Pacifier penalties. In my experience, a pacifier causes as many problems as it solves. A baby who is put to sleep with a pacifier will wake up from a shallow sleep state when his prop is lost. He can't doze off without it, yet he can't find it on his own. You're better off to put your baby to bed without a pacifier and avoid this trap altogether.

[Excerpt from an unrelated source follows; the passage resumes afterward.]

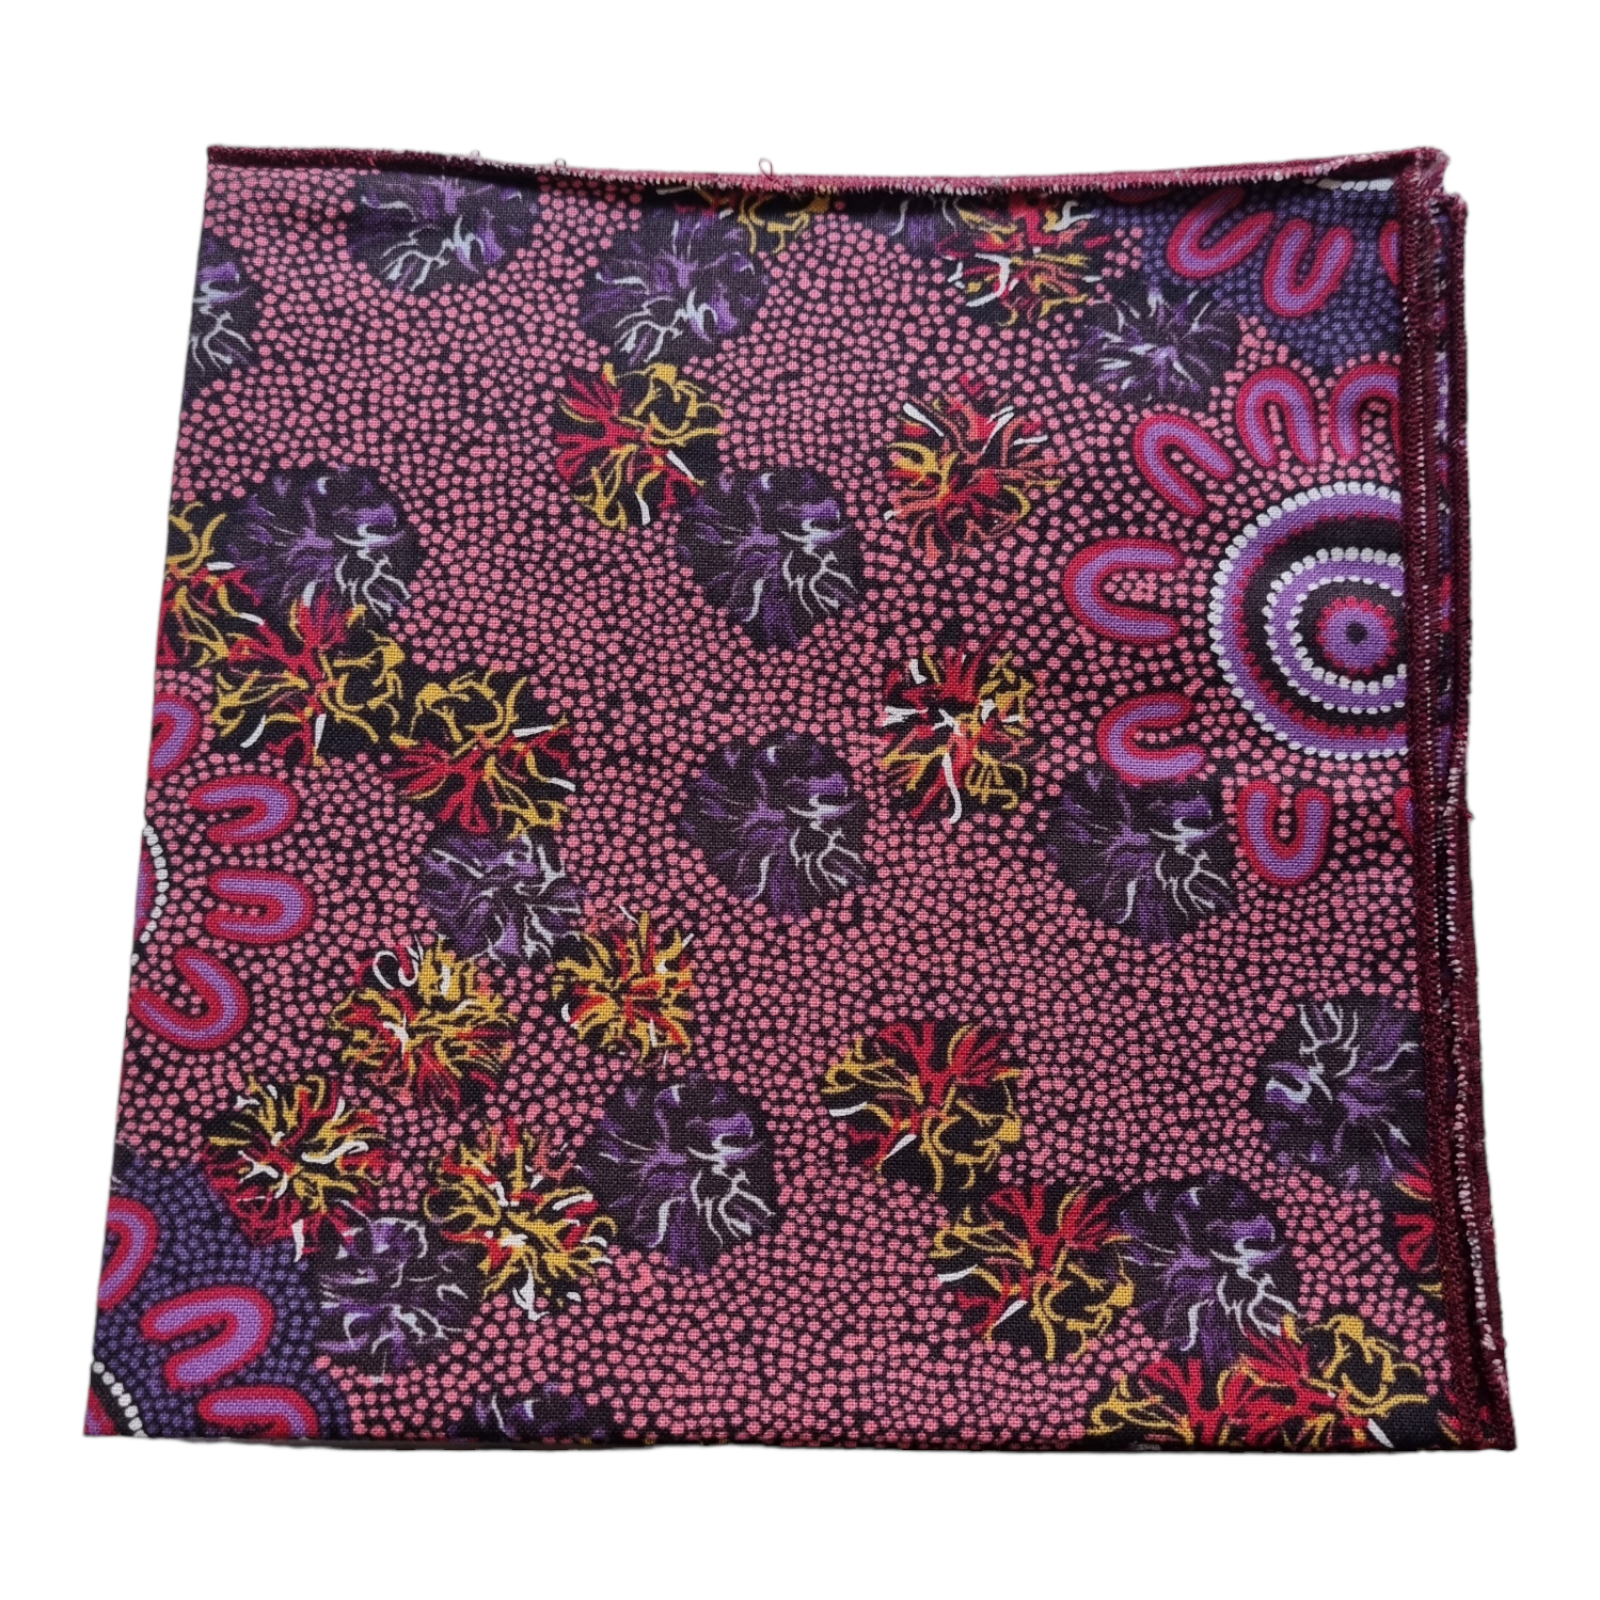 Aboriginal Handkerchief indigenous Art Cotton Hanky Pocket Women's Business

Weed out nighttime feedings. Many parents assume that a baby wakes up at night because he's hungry. According to the American Academy of Pediatrics, by the time your baby is four months of age, he should be able to go eight hours without feeding. But what if your baby disagrees with the American Academy of Pediatrics and continues to want to feed in the night? Ask your pediatrician whether your baby is gaining well enough to skip a nighttime feeding. In reality, most babies wake up because they've reached a shallow level of sleep and don't know how to get back to sleep without you. They nurse to go back to sleep, not to satisfy hunger. To help your baby learn how to fall back asleep soundly when he's in a shallow sleep, give him an opportunity to comfort himself when he begins to squirm. Don't rush in. If it doesn't look like he's able to get back to sleep, then go and comfort him. But remember to put him back in the crib while he's awake so he gains the experience of falling asleep independently.
One strategy that has helped many babies under my care to sleep longer is to give the little one an extra feeding before you go to bed. You should be able to quietly feed the baby without actually waking him up.